Впрочем, все тайное становится явным, и в 2005 году появились сразу две публикации, в которых описывается рисунок на Золотых воротах. Со ссылкой на неопубликованную статью Лесмана его упомянул в своей книге Мусин.[373] Он указал и на другое близкое по смыслу изображение, обнаруженное на тех же Золотых воротах. В свое время Высоцкий определил содержание этого граффито как сцену охоты на кабана: мужчина устремляется на животное, направив на него копье. Однако предполагаемое «копье» почему-то изгибается и, примыкая непосредственно к области гениталий «охотника», повисает в воздухе без какой-либо связи с руками. Очевидно, это эрегированный фаллос, гипертрофированное масштабное изображение которого должно обозначить незаурядную мужскую силу героя. Направление «копья», устремленного под хвост свиньи, не оставляет сомнений в том, что здесь запечатлена сцена скотоложства.
Грех этот постоянно упоминается в русских епитимийниках — сборниках вопросов, которые составлялись для священников, исповедовавших прихожан. Традиция епитимийников была заимствована из Византии, однако русские священнослужители существенно смягчили наказание за указанный грех. Если византийский источник — Правила святого Василия — требовал в случае скотоложства 15-летнего отлучения от причастия и 150—200 ежедневных поклонов, то в русской «Заповеди к исповедующимся сынам и дщерям», записанной в XIII столетии, т.е. где-то на столетие после времени создания граффито на Золотых воротах, ограничивались двумя годами. Существенно сокращалось и число поклонов:
В скотском блуде, если блуд сотворит со скотиною. По святого Василия [правилу] — 15 лет не комкает. Мы же — два лета сухояста, в 12 часов поклоняться во все дни 200 [раз], если же облениться, то 15 да творит.[374]

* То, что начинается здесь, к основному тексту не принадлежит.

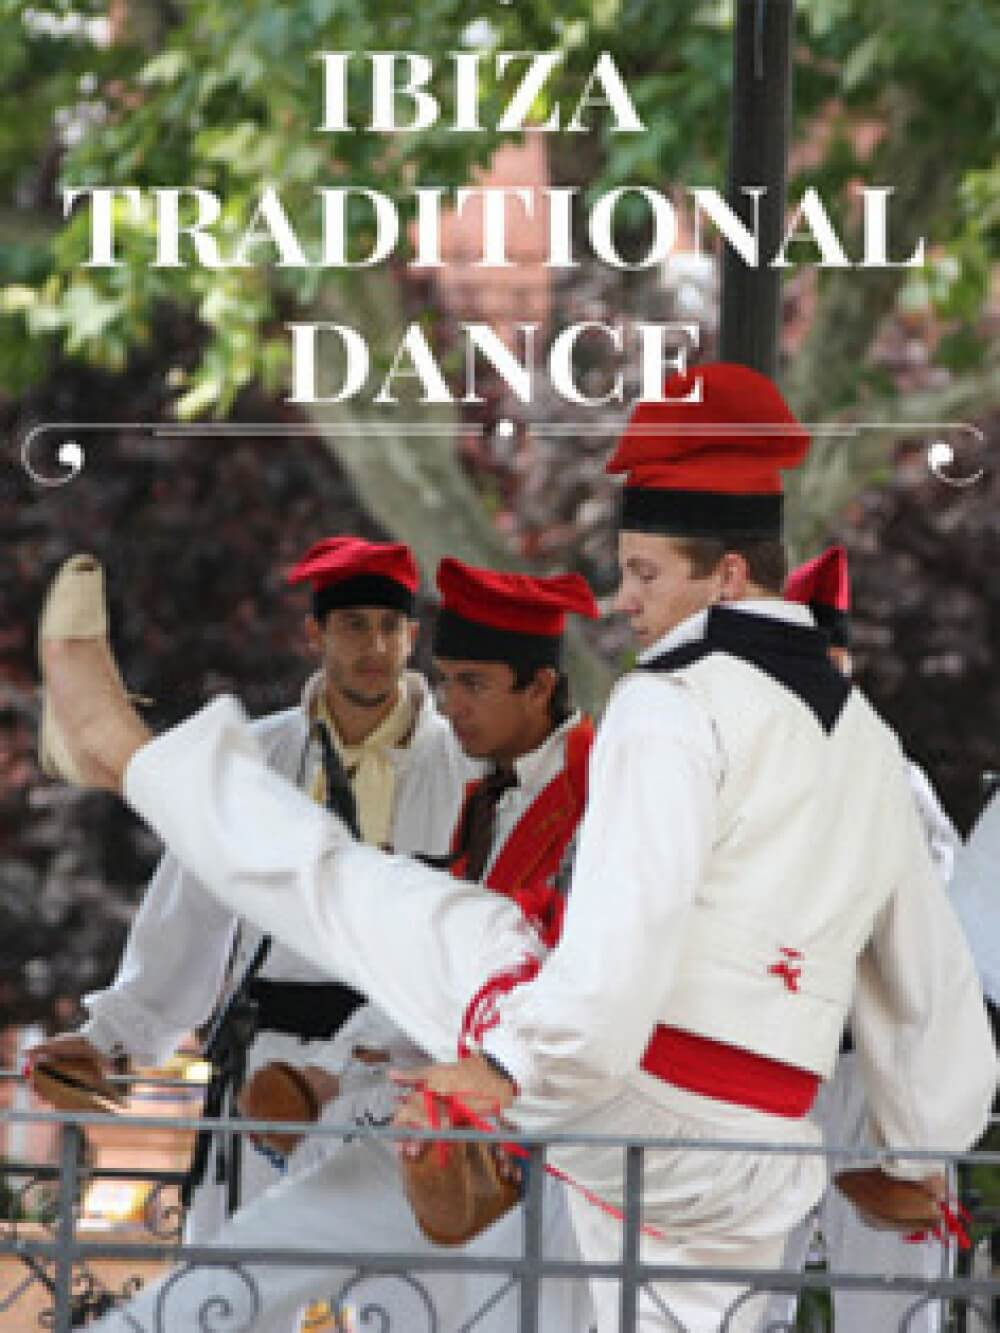 ibiza_traditional_dance_vertical_web

В «Вопросе мужам», записанном в Требник XV века из Софийской библиотеки предусмотренное наказание — только 40 дней поста.[375] Занятие сексом в нетрадиционных позах, особенно поза, при которой женщина оказывалась сверху, оценивалось как существенно более страшное преступление и наказывалась много строже. Склонность русских людей к сексуальным забавам с животными отмечалась и в рассказах иностранцев. Самуэль Коллинс, состоявший в 1659—1666 годах врачом при царе Алексее Михайловиче, рассказывал:
Вообще русские очень поощряют браки, отчасти для того, чтобы населить свои земли, а отчасти и с тем, чтобы предупредить разврат... и отчасти для предупреждения Педерастии и Содомии, к которым они по природе склонны, и которые не наказываются там смертью. Здоровый парень, состоявший уже восемь лет в животной связи с коровой, крикнул видевшему его: «Не мешай» (Не Misheay), и сейчас он известен ни под каким другим именем по всей Москвии как Немешай (Ne Misheai).[376]

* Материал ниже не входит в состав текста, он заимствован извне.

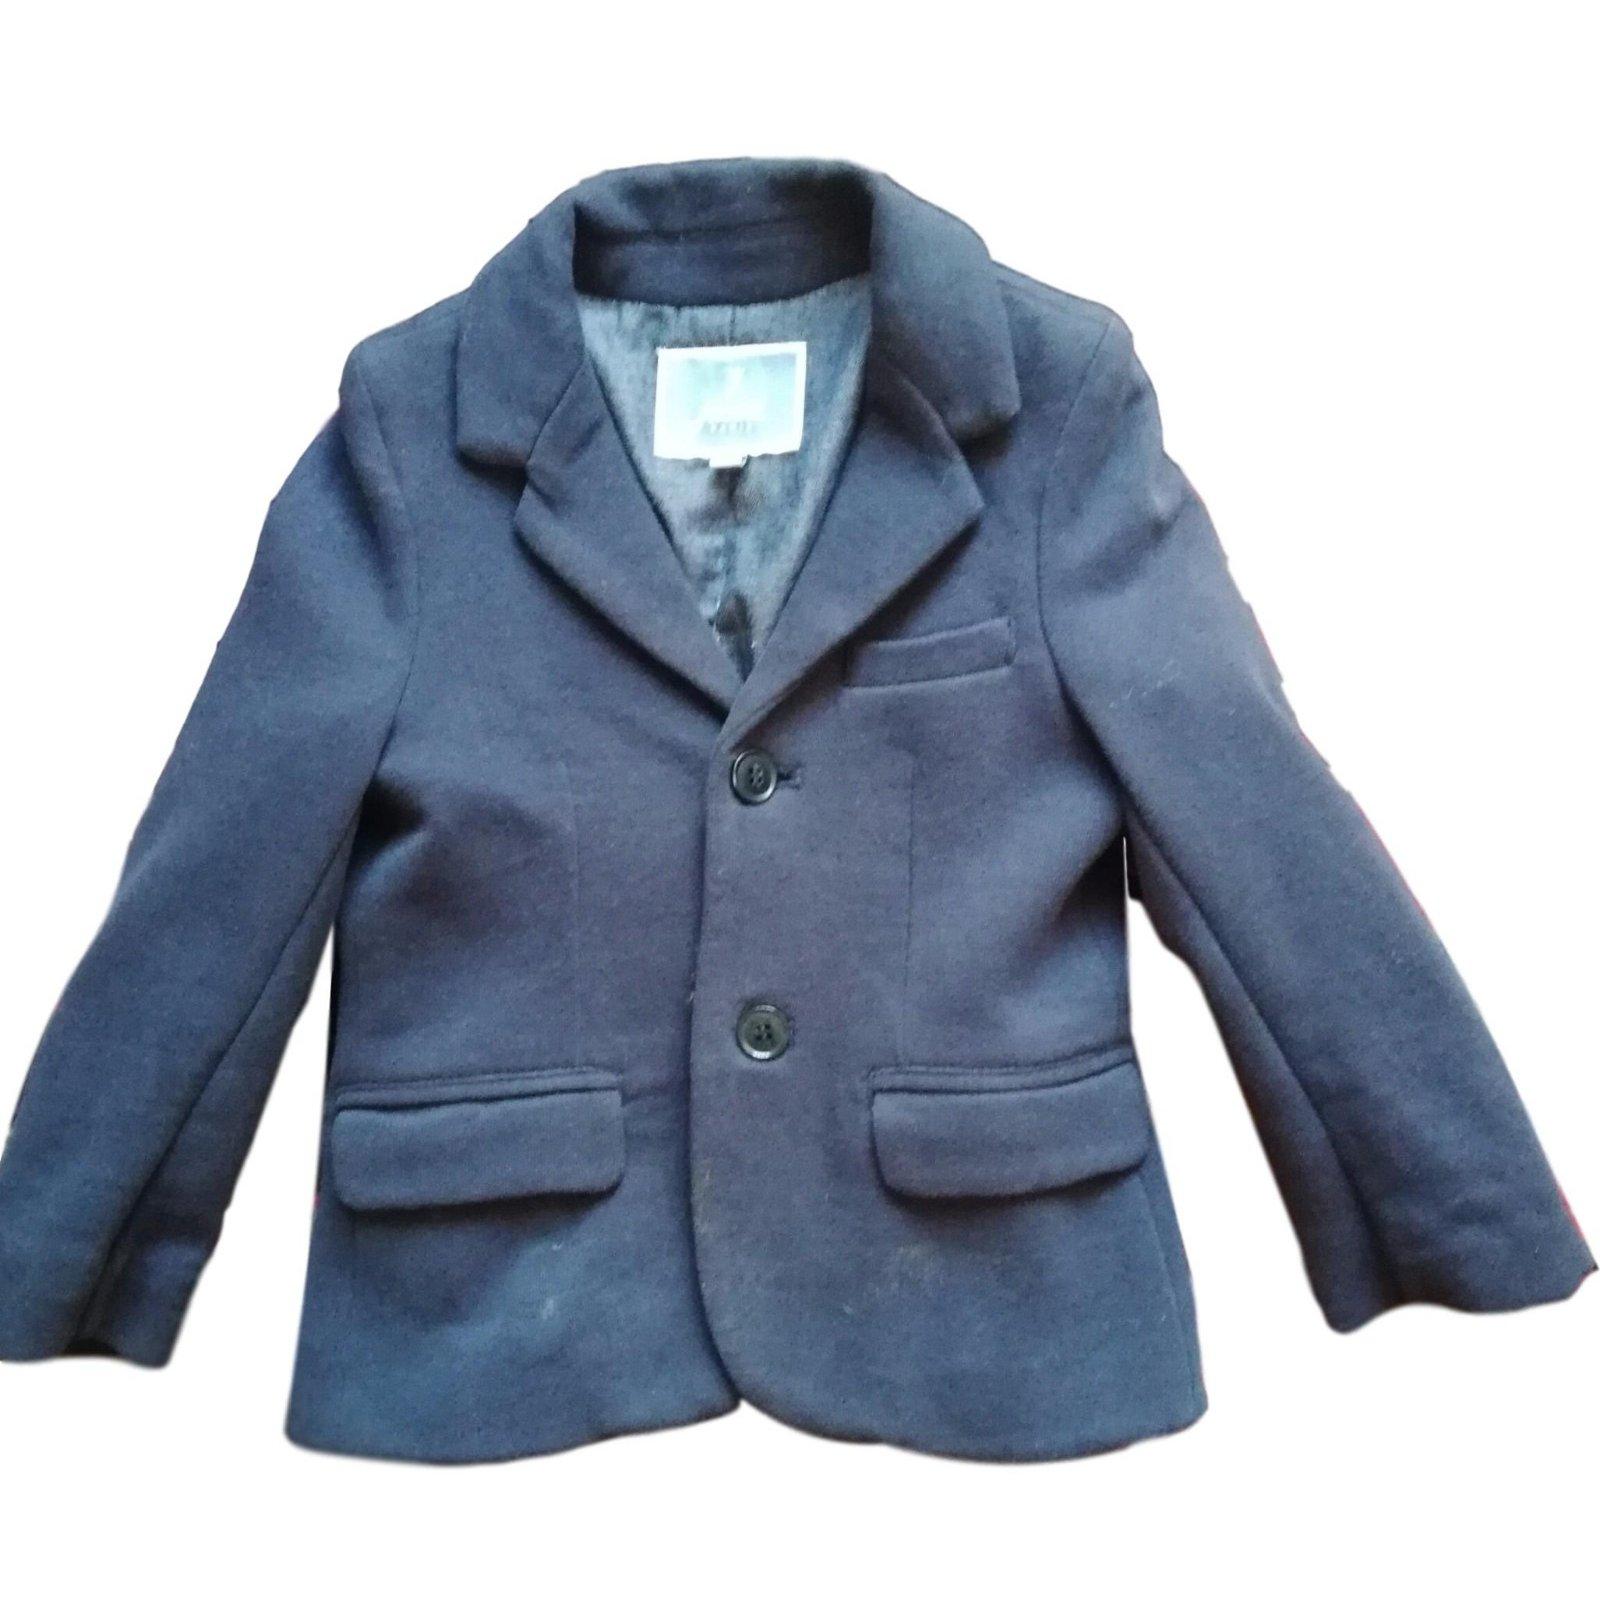 Veste coton bleu marine

О подобных склонностях рассказывает в своем труде и шлезвиг-гольштейнский посланник Адам Олеарий, который отмечает общее пристрастие жителей Московского государства к содомии, добавляя, что русские мужчины покушаются не только на мальчиков, но и на «мужчин, и лошадей. Это обстоятельство доставляет им потом тему для разговоров на пиршествах. Захваченные в таких преступлениях не наказываются у них серьезно. Подобные гнусные вещи распеваются кабацкими музыкантами на открытых улицах или же показываются молодежи и детям в кукольных театрах за деньги».[377] Очевидно, упомянутые «кабацкие музыканты» распевали что-то подобное песне «Стал почитать, стал сказывать» из сборника Кирши Данилова, в которой содержатся такие строки:
А за кустичком, за березничком,
А четыре попа да кобылу ебут,
А и пятый поп поскакивает:
— А, братцы, попы, доброхоты мои,
Дайте мне хоть плешь обмакнуть![378]
То обстоятельство, что скотоложство могло быть поводом для подобных шуток, напоминает о рисунке на Золотых воротах, который явно был сделан из схожих побуждений.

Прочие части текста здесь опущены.